When you retype the data, keep every word exactly and include none of the pictures.

> [Information shown]:
----

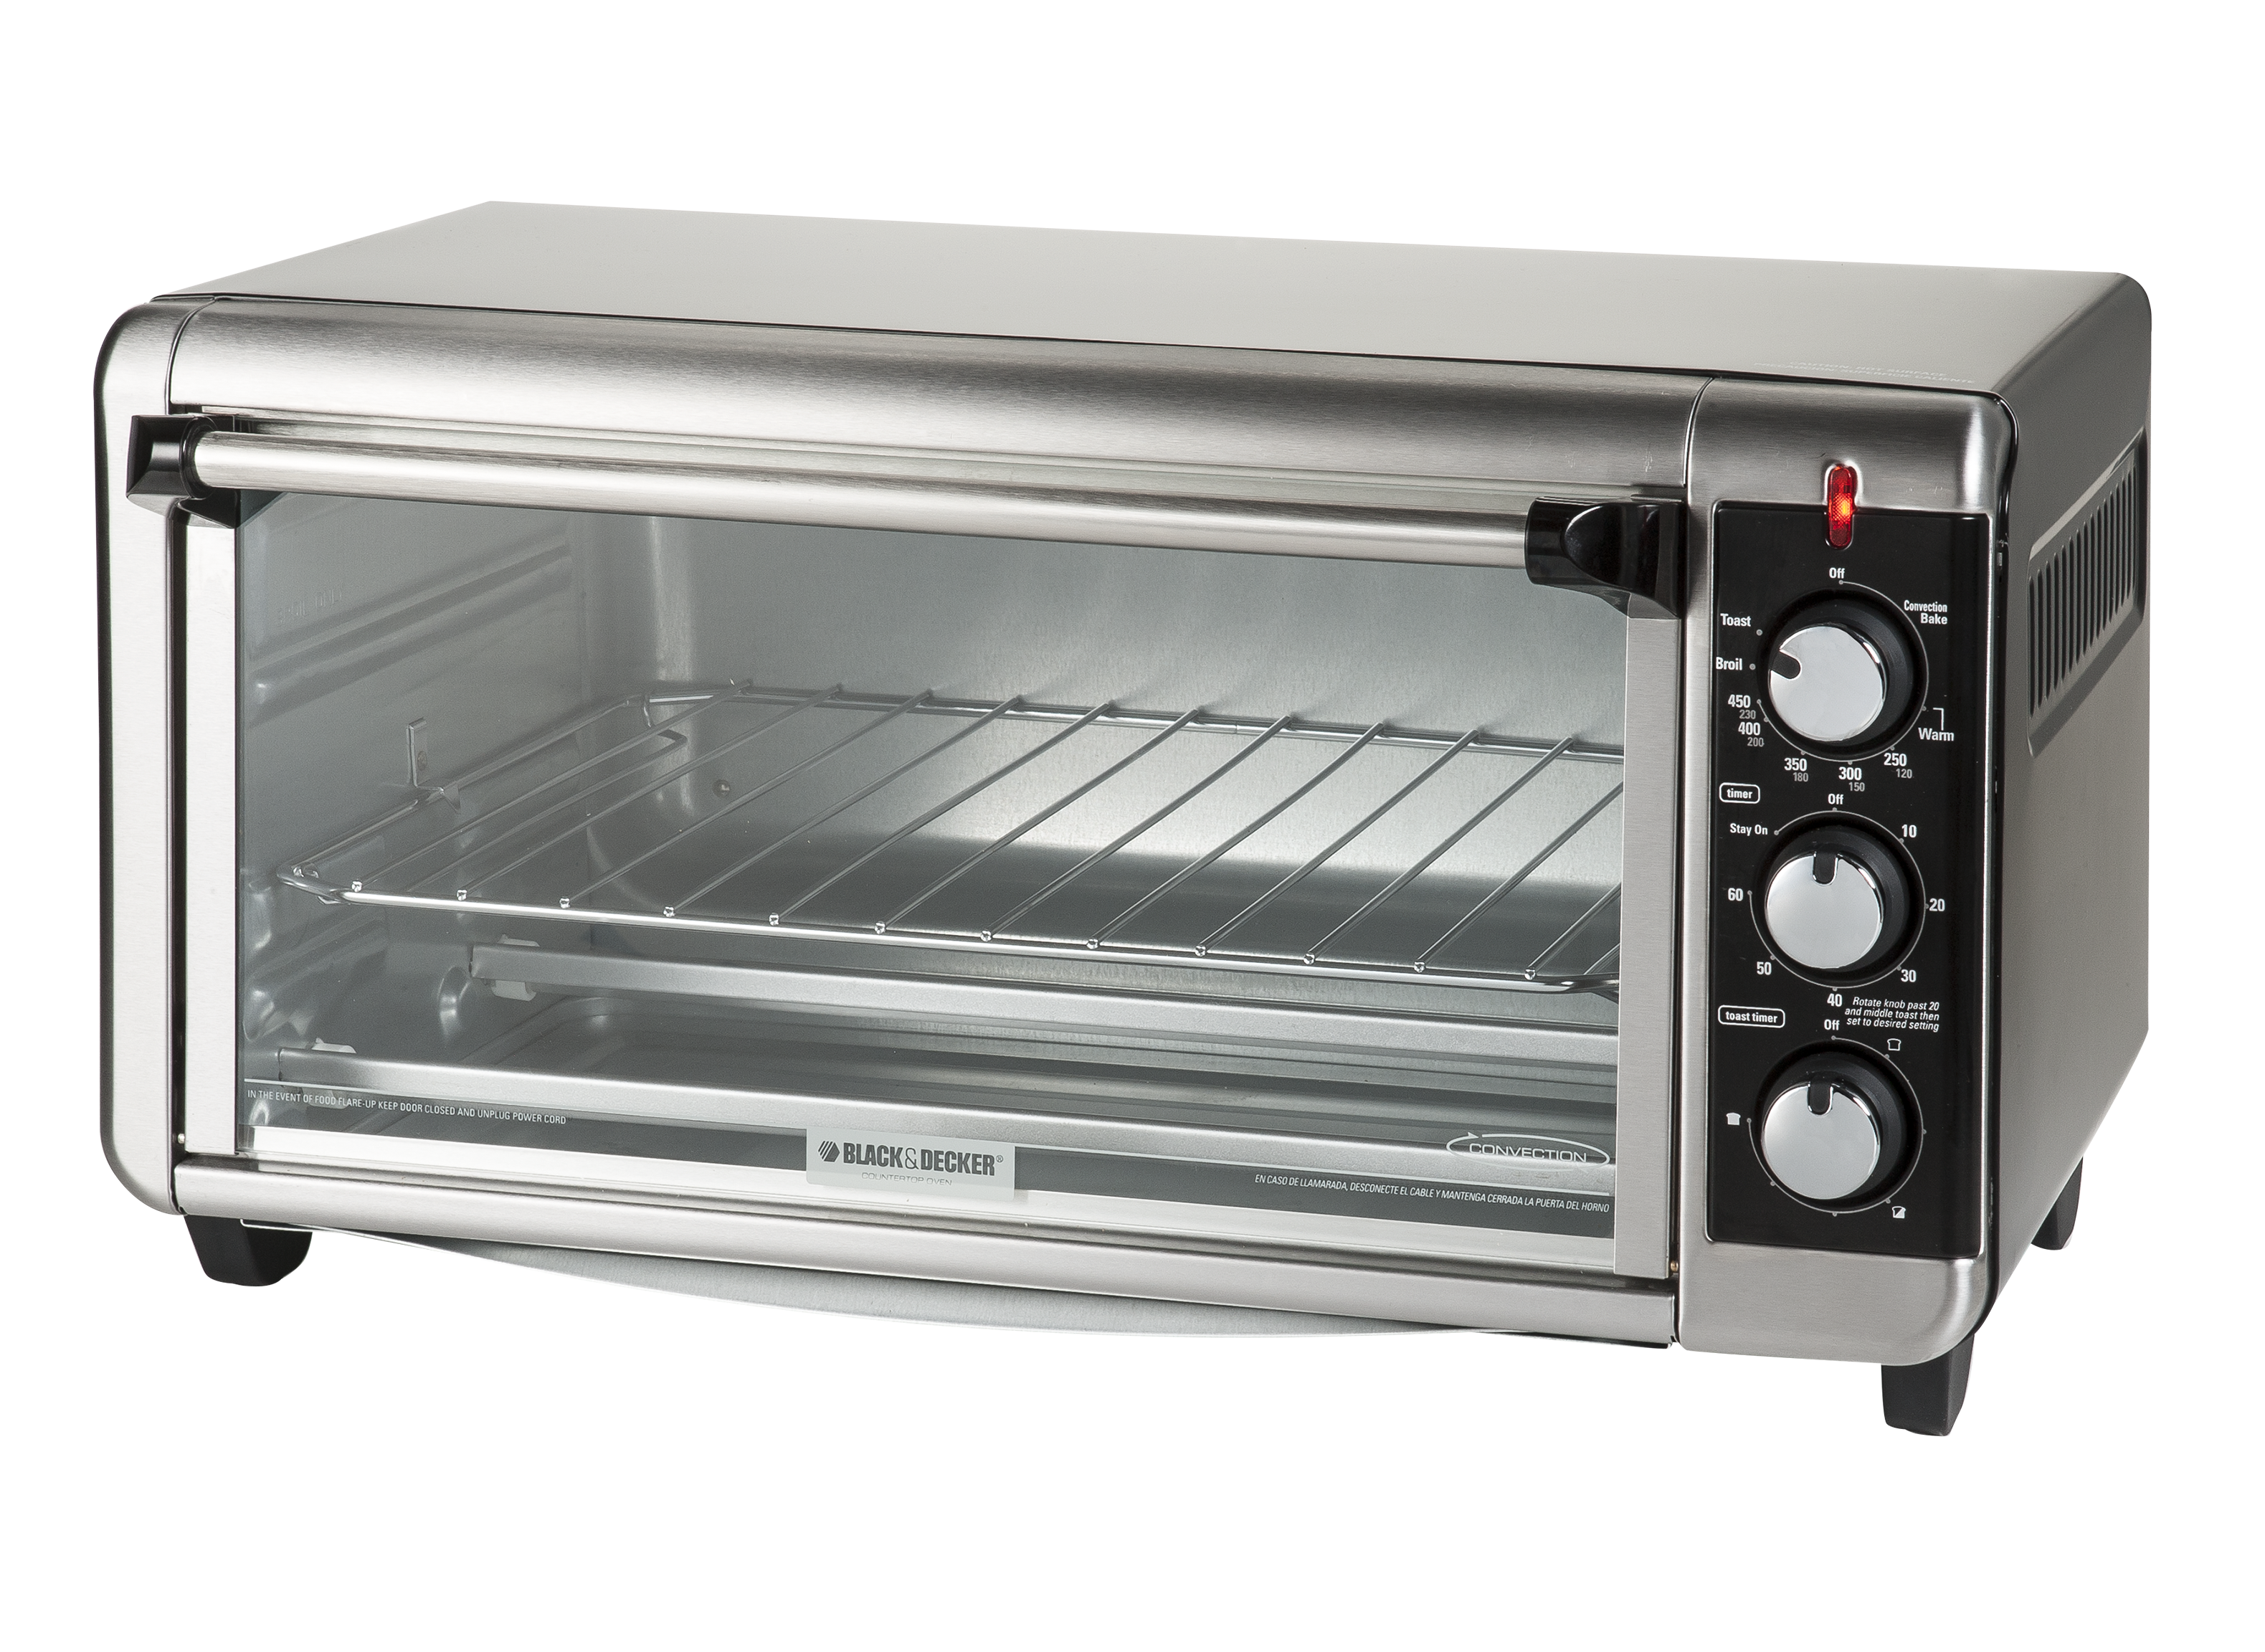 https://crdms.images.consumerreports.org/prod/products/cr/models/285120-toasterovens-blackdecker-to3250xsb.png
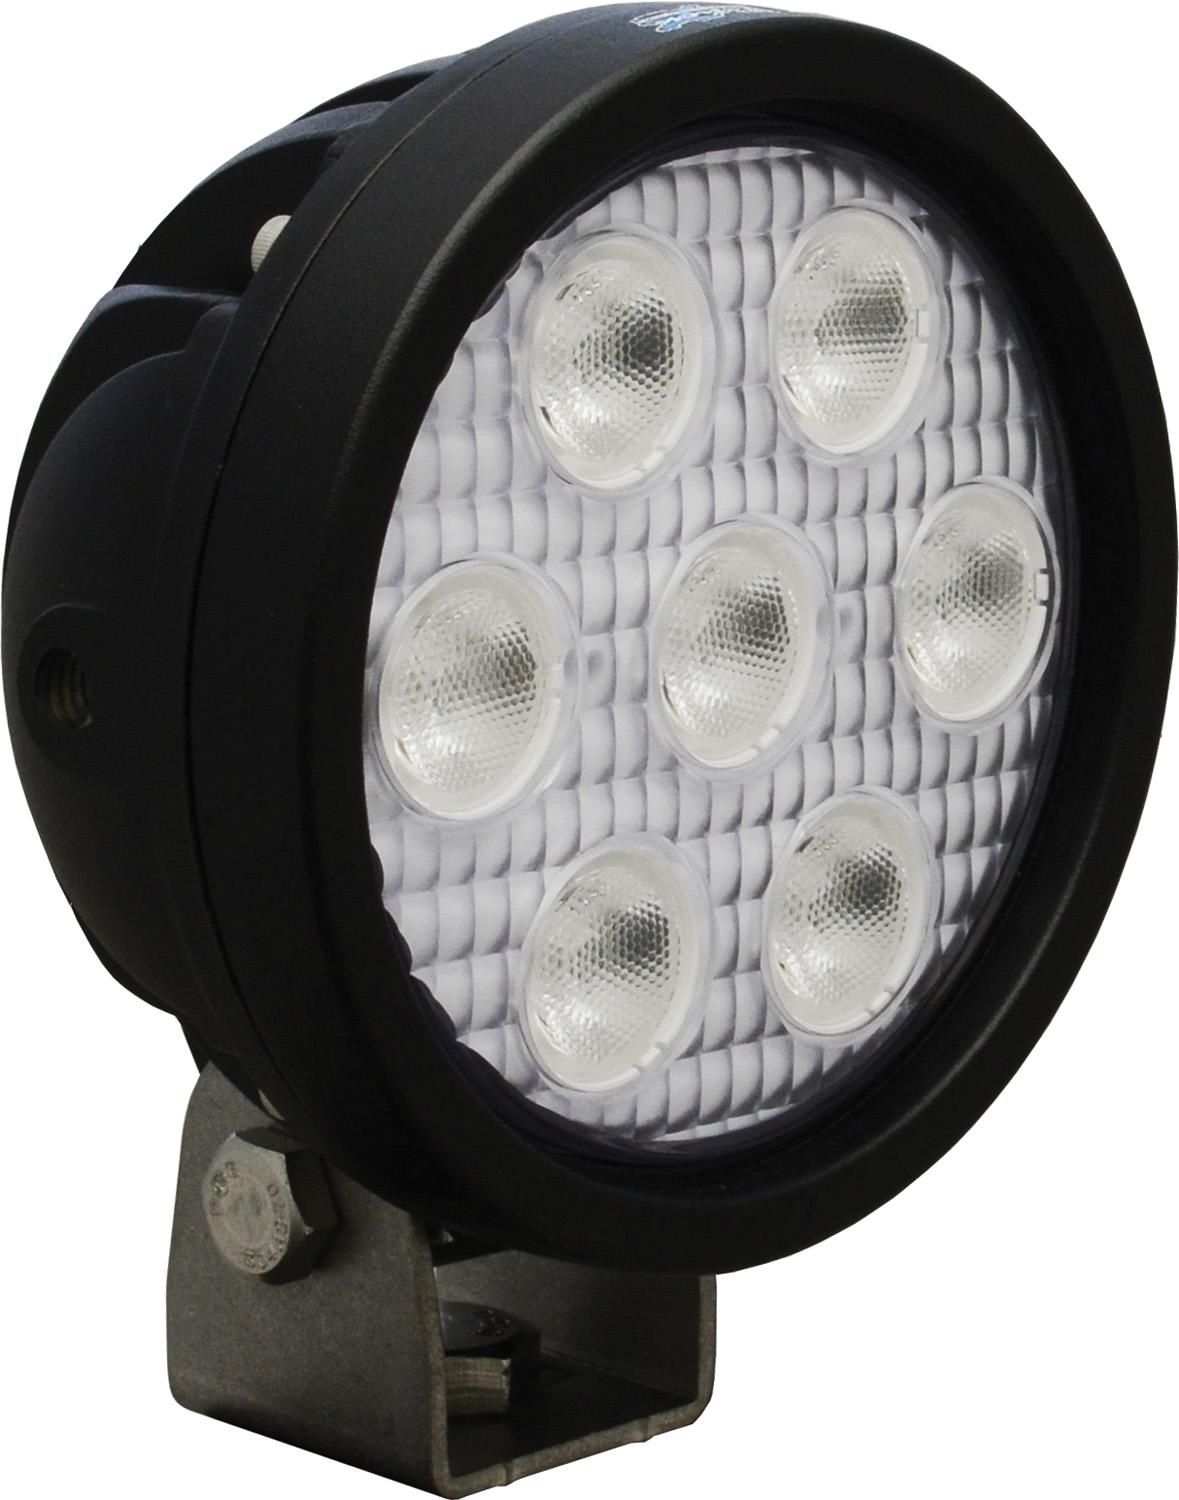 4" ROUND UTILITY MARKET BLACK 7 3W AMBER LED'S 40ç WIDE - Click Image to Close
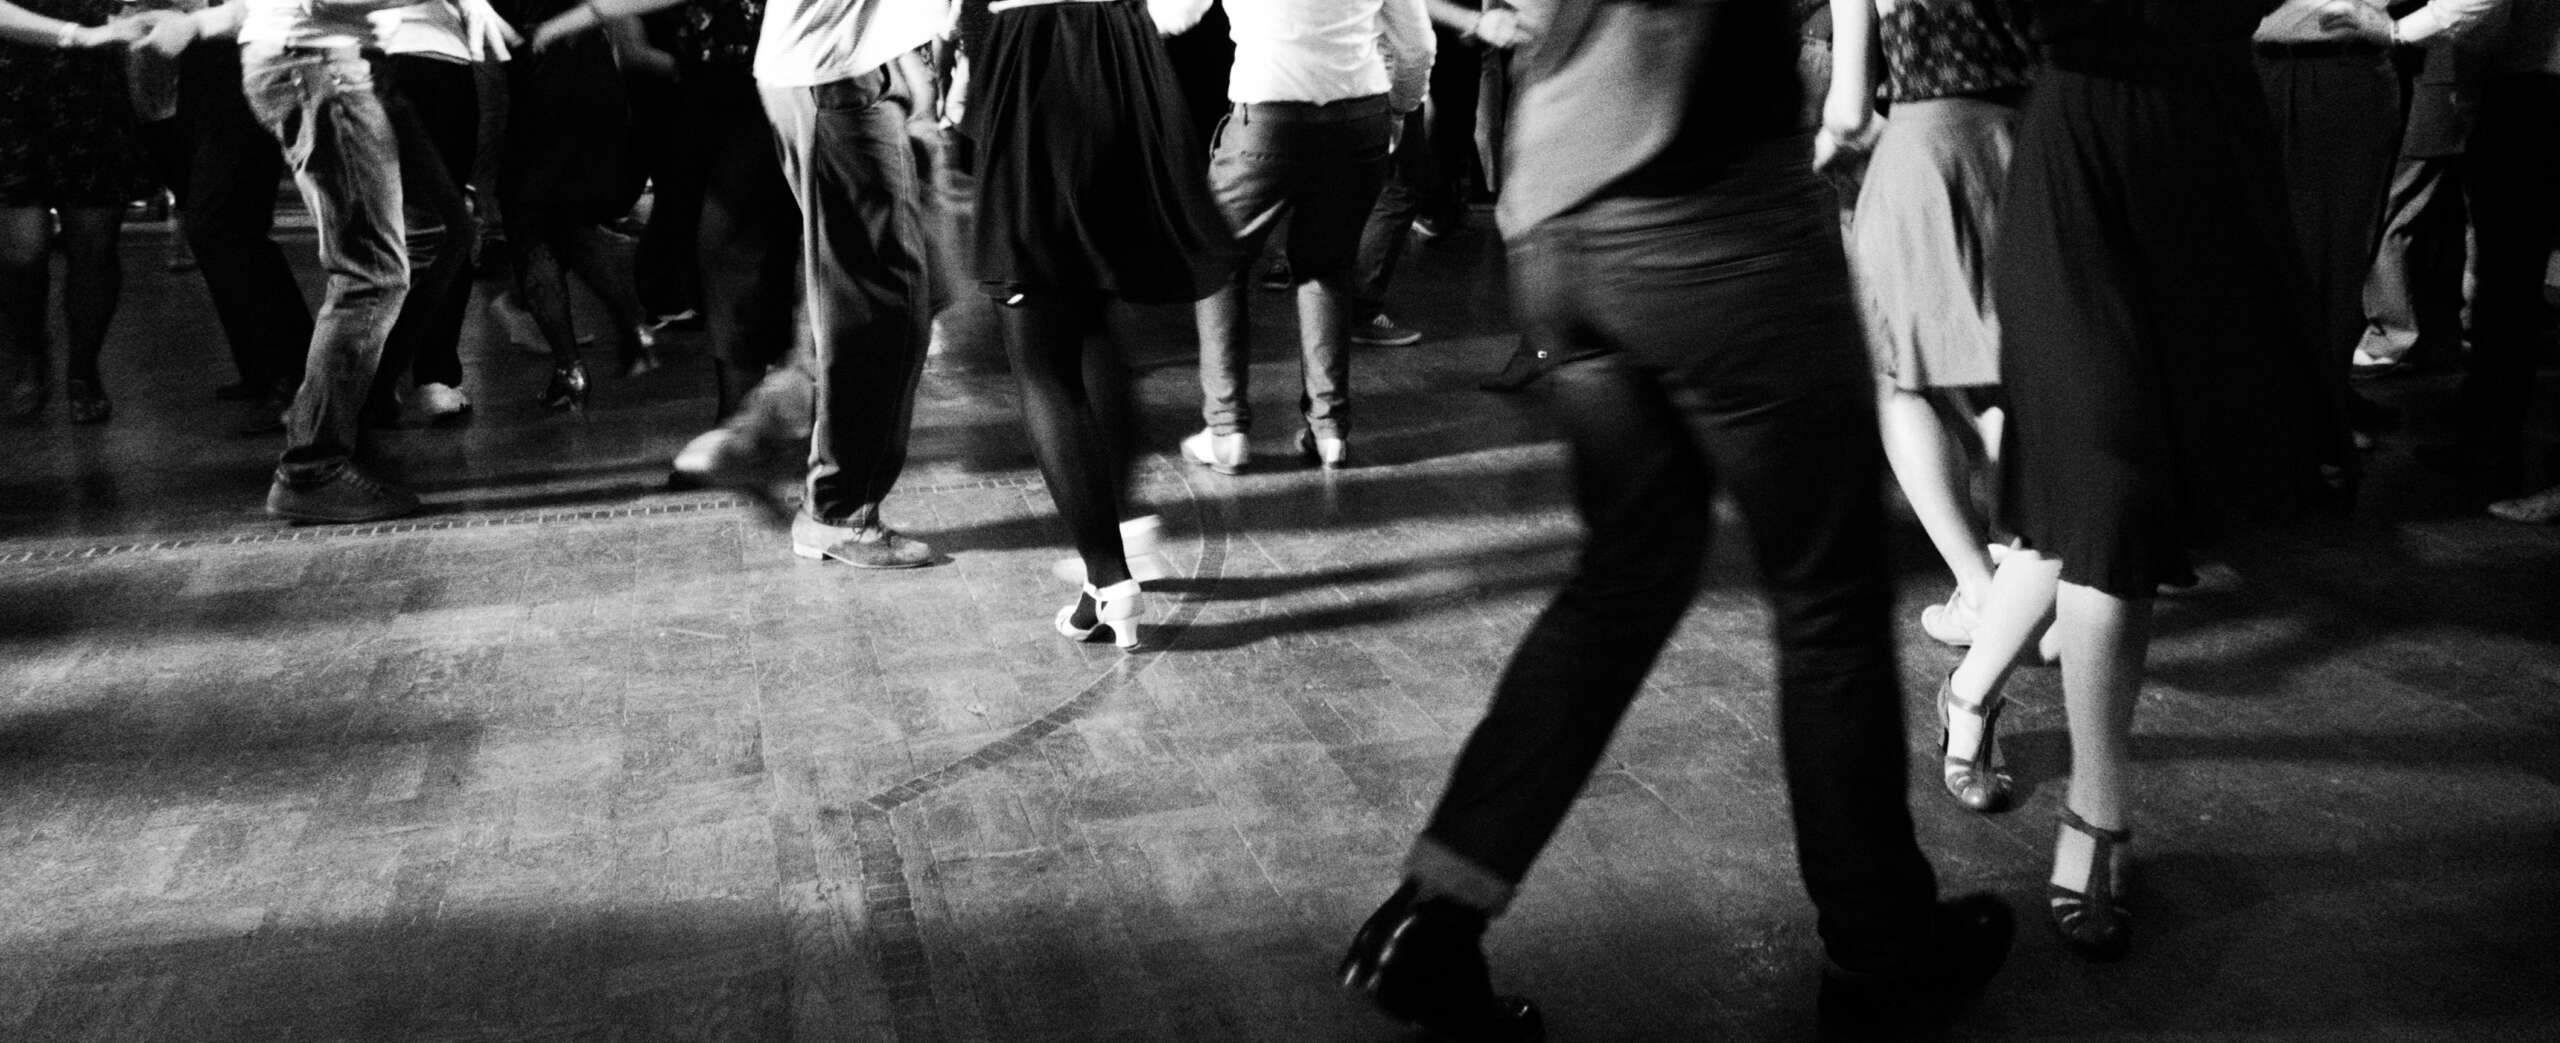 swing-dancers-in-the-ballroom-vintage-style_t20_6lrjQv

----

> [Exercise output]:
 https://crdms.images.consumerreports.org/prod/products/cr/models/285120-toasterovens-blackdecker-to3250xsb.png
 4" ROUND UTILITY MARKET BLACK 7 3W AMBER LED'S 40ç WIDE - Click Image to Close
 swing-dancers-in-the-ballroom-vintage-style_t20_6lrjQv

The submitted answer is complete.